Compute data statistics from TFRecord files containing TFExamples.
tfdv.generate_statistics_from_tfrecord(
data_location: Text,
output_path: Optional[bytes] = None,
stats_options: tfdv.StatsOptions
= options.StatsOptions(),
pipeline_options: Optional[PipelineOptions] = None,
compression_type: Text = CompressionTypes.AUTO
) -> statistics_pb2.DatasetFeatureStatisticsList
Used in the notebooks
Runs a Beam pipeline to compute the data statistics and return the result
data statistics proto.
This is a convenience method for users with data in TFRecord format.
Users with data in unsupported file/data formats, or users who wish
to create their own Beam pipelines need to use the 'GenerateStatistics'
PTransform API directly instead.
Args |
data_location
|
The location of the input data files.
|
output_path
|
The file path to output data statistics result to.

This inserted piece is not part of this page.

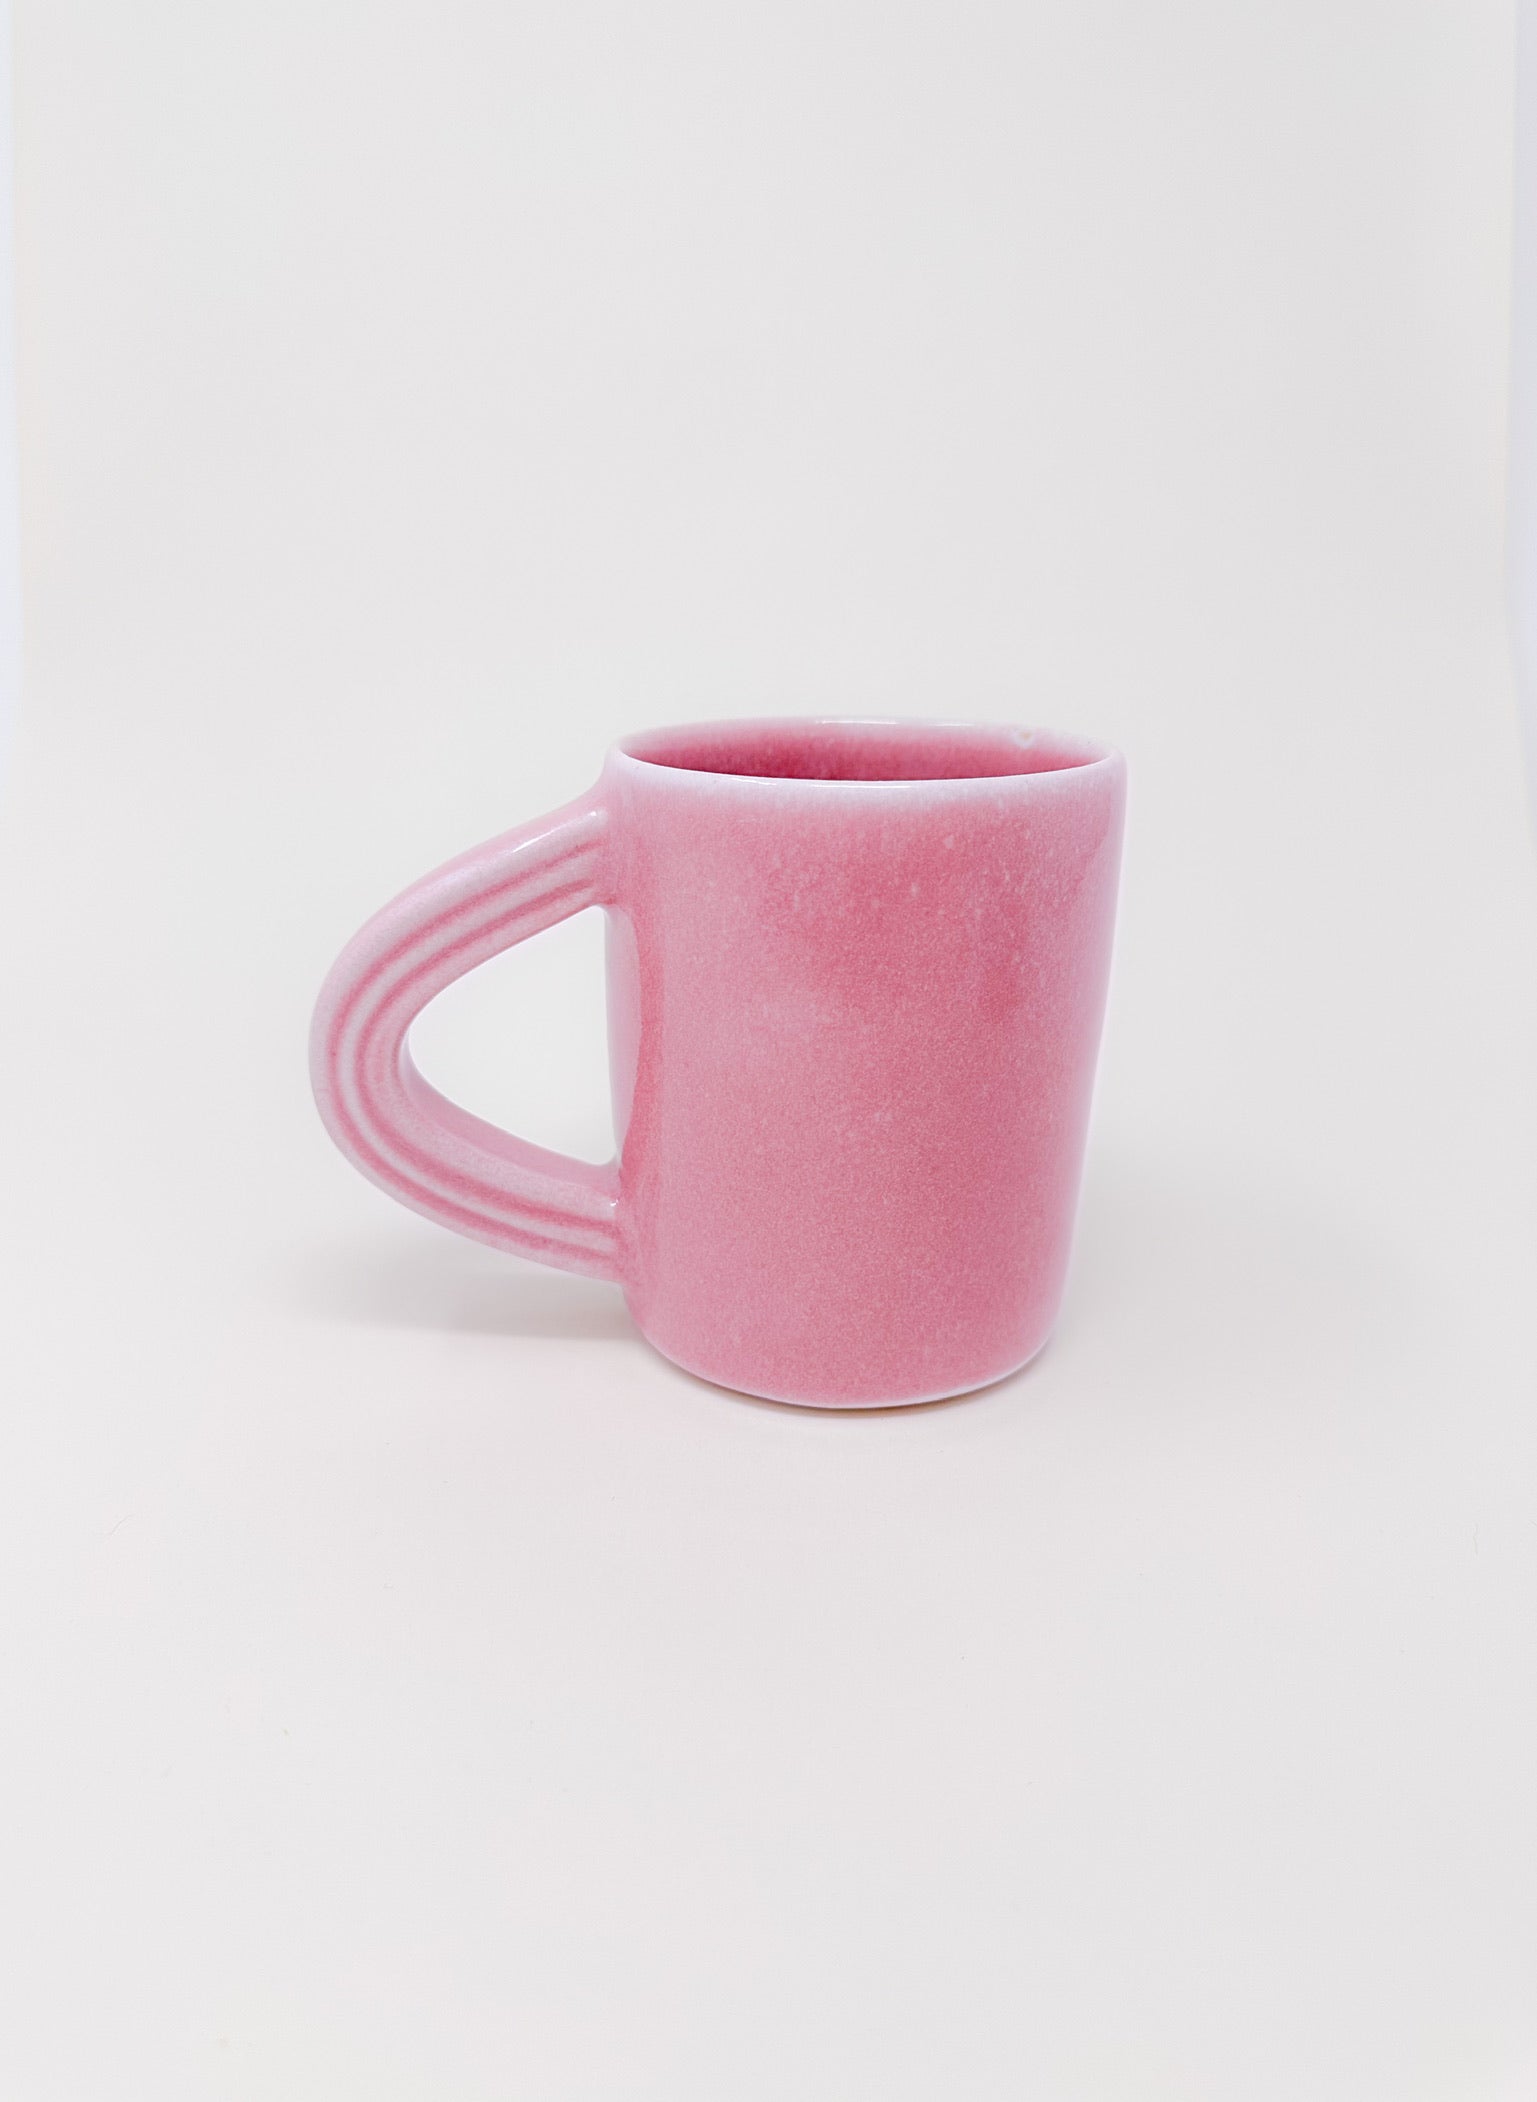 Be Kind Peach Rainbow Ceramic Sublimation Coffee Cup Mug

If None, we
use a temporary directory. It will be a TFRecord file containing a single
data statistics proto, and can be read with the 'load_statistics' API.
If you run this function on Google Cloud, you must specify an
output_path. Specifying None may cause an error.
|
stats_options
|
tfdv.StatsOptions for generating data statistics.
|
pipeline_options
|
Optional beam pipeline options. This allows users to
specify various beam pipeline execution parameters like pipeline runner
(DirectRunner or DataflowRunner), cloud dataflow service project id, etc.
See https://cloud.google.com/dataflow/pipelines/specifying-exec-params for
more details.
|
compression_type
|
Used to handle compressed input files. Default value is
CompressionTypes.AUTO, in which case the file_path's extension will be
used to detect the compression.
|
Returns |
A DatasetFeatureStatisticsList proto.
|